Читать «Лоскутный мандарин» онлайн - страница 211
Гаетан Суси
Дог. Лонг., апрель 1929 г.
Глава 8
Запоздалая волна палящей жары. Шесть дней зноя перед ледяным дождем и осенним воспалением легких. Солнце бьет сверху снопами пламени. В комнате Ксавье раскаленный воздух. Подручный без воды, без еды, почти без сознания, которое не имеет никакого отношения ко всем остальному. Он думал о Джеффе, о Пегги, лежащей в земле, о негритянке, которая напоила его сладковатым напитком, когда однажды на нем места живого не оставалось от кровоподтеков. Долгими часами нет сил пошевелить ногой, нет сил поднять руку. Вялая инородная масса вдавливала его всем своим весом в лежак. Он очнулся вместе с этим трупом, лежавшим в его кровати, вместе с этими бездыханными легкими, этими останками тел и душ, которые были его собственным телом, и тело это отчаянно цеплялось за жизнь. Это тело принадлежало ему почти в такой же степени, как, например, стены комнаты, планки собственной конструкции, самодельная жаровня. Это странное существо умирало, и поскольку он жил в его теле, все еще непостижимым образом продолжал в нем существовать, то, умирая, оно убивало и его. С неспешной неотвратимостью оно влекло его в небытие, не имеющее облика, не дающее ответов. К таким же руинам, как мир.

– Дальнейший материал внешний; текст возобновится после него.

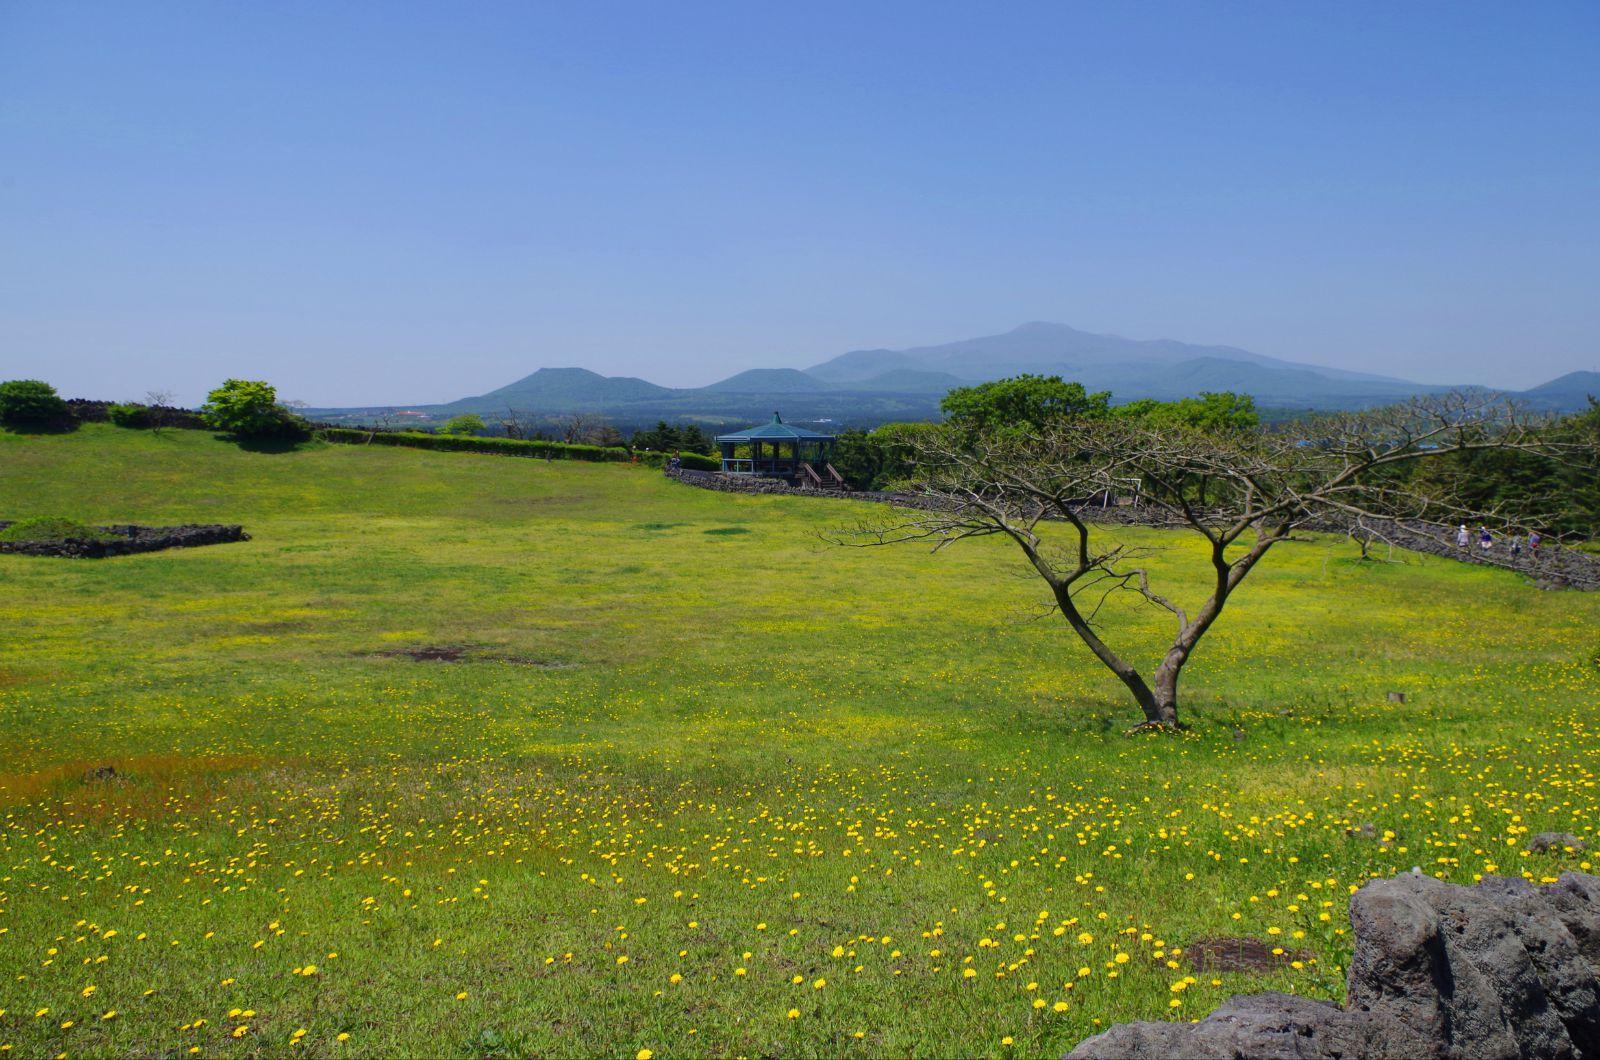 小野容.`�.�_黄色的小野花儿像繁星洒落在草地上

Временами существо это харкало кровью, даже сплюнуть которую у Ксавье не хватало теперь сил. Он держал во рту сгусток мерзкой слизи, которую через некоторое время вынужден был глотать. Значит, не смогла его плоть отделаться от чахотки. «Конец мне настал». Ну, и что, собственно говоря, из этого следует?
Что могло бы ждать его дальше? У него не было никаких желаний, и меньше всего ему хотелось продолжать тянуть эту лямку. Он подумал о том, что конец ничего не объяснит. Предсмертный опыт ничему не учит. В конце концов, стыдно существовать лишь ради того, чтобы только осознавать свое существование. Единственное, о чем просил подручный, было немного умиротворенности, немного спокойствия перед концом, перед тем, как совсем раствориться в бессознательности пустоты, которая уже явственно давала ему о себе знать.

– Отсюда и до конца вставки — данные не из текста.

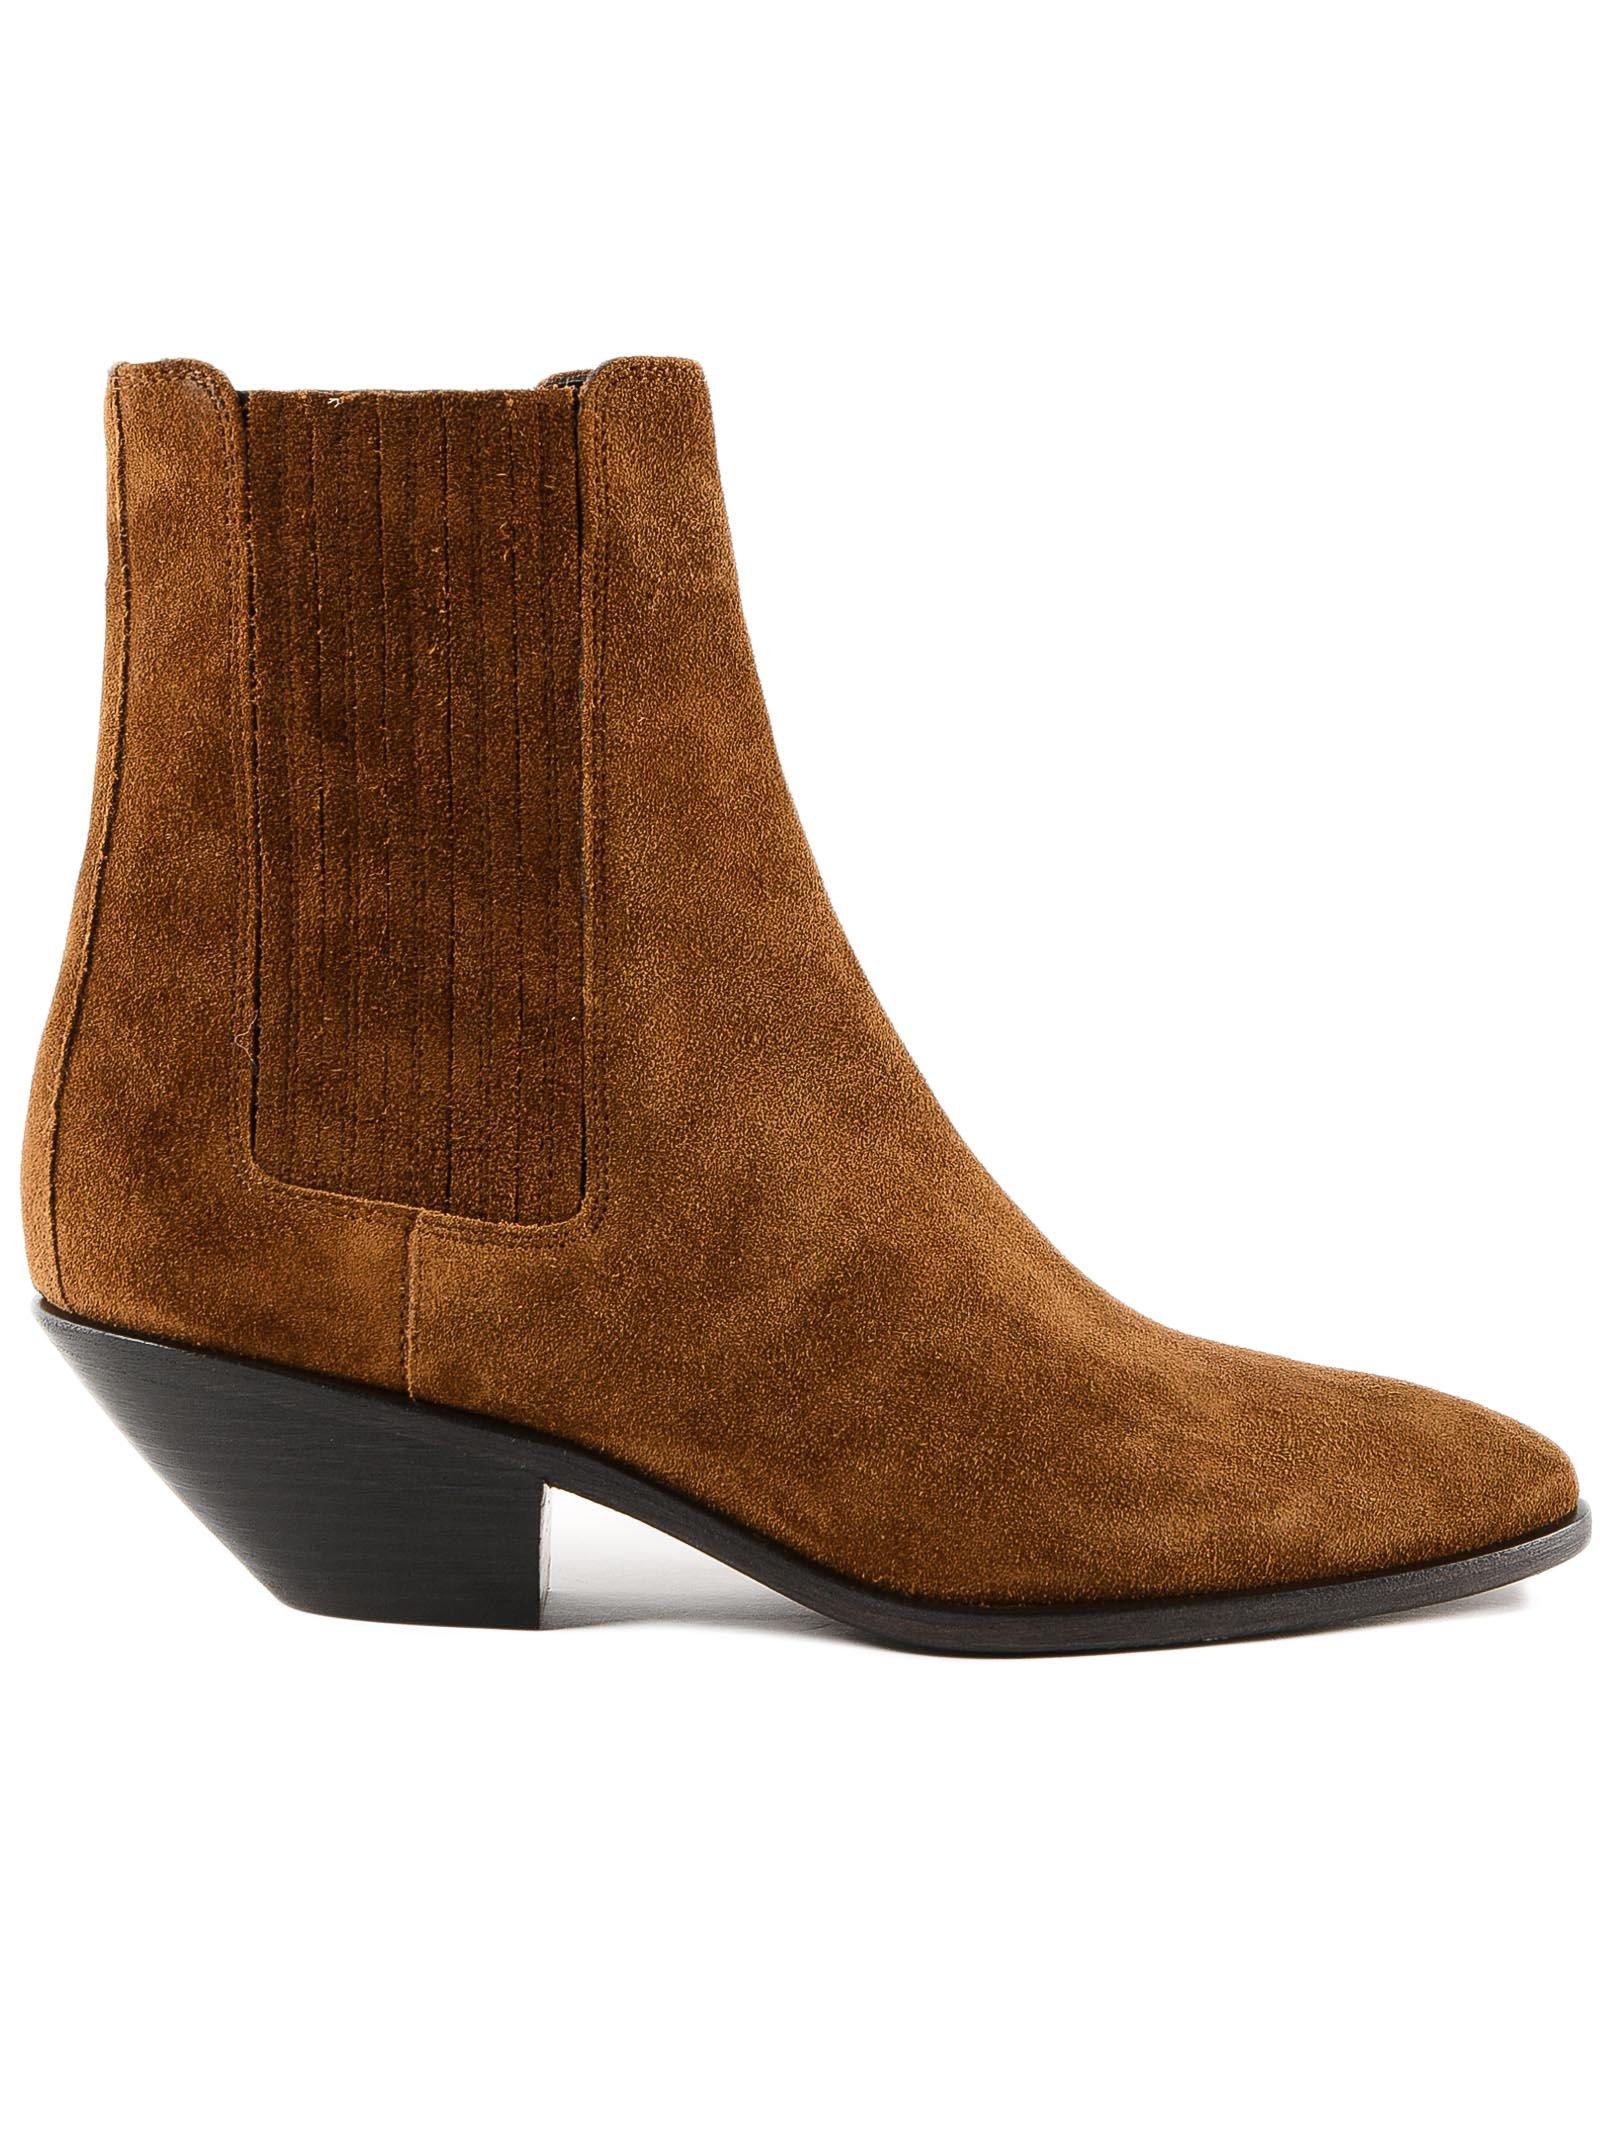 Saint Laurent West Chelsea Boots

Спокойствие и умиротворение, почему бы и нет? По субботам и воскресеньям во всем здании не стучал ни один молоток. Да, но дело было в другом: Страпитчакуда как с цепи сорвалась, удержу на нее никакого не было. (Как беззубая двуручная пила, которую тянут изо всех сил.) Она как одержимая кружилась в настоящем марафоне музыкальных номеров. Она задействовала весь арсенал своих неисчерпаемых возможностей – все ужимки, наряды, головокружительные прыжки и все остальное. Ее номера были до дерзости блистательными, ее буйный задор бил через край, а у подручного и капли энергии не осталось. Жизнь была прекрасна, неописуемо великолепна, она задиристо звала на подвиги, разбрасывая тысячи ярких искр вокруг скорбного смертного ложа, где Ксавье мучила непереносимая боль.
Спустилась ночь, страдания Ксавье продолжались. Нацепив на кончик носа роговые очки и вооружившись указкой, как истинный профессор, лягушка заунывно читала бесконечную лекцию по общей теории относительности, в мельчайших подробностях обосновывая тезис о том, что если позволить себе ряд допущений, тогда, конечно, точка зрения Эйнштейна метафизически не была несовместима с трансцендентальными принципами кантианской критики. Когда лягушка, наконец, высказала все, что у нее было сказать по этому поводу, она сменила пластинку и стала вычислять значения числа пи после запятой, пытаясь, по большому счету, обосновать свою точку зрения относительно их периодичности. Наконец, когда уже наступило утро, уперев лапки в бока и как Муссолини победоносно вскинув подбородок? она попрыгала через всю комнату с довольным взглядом. Она все внимательно рассмотрела – и бессмысленные разрушения, и полный разгром – с тщеславием завоевателя, любующегося результатами кровавой бойни, устроенной по его приказу.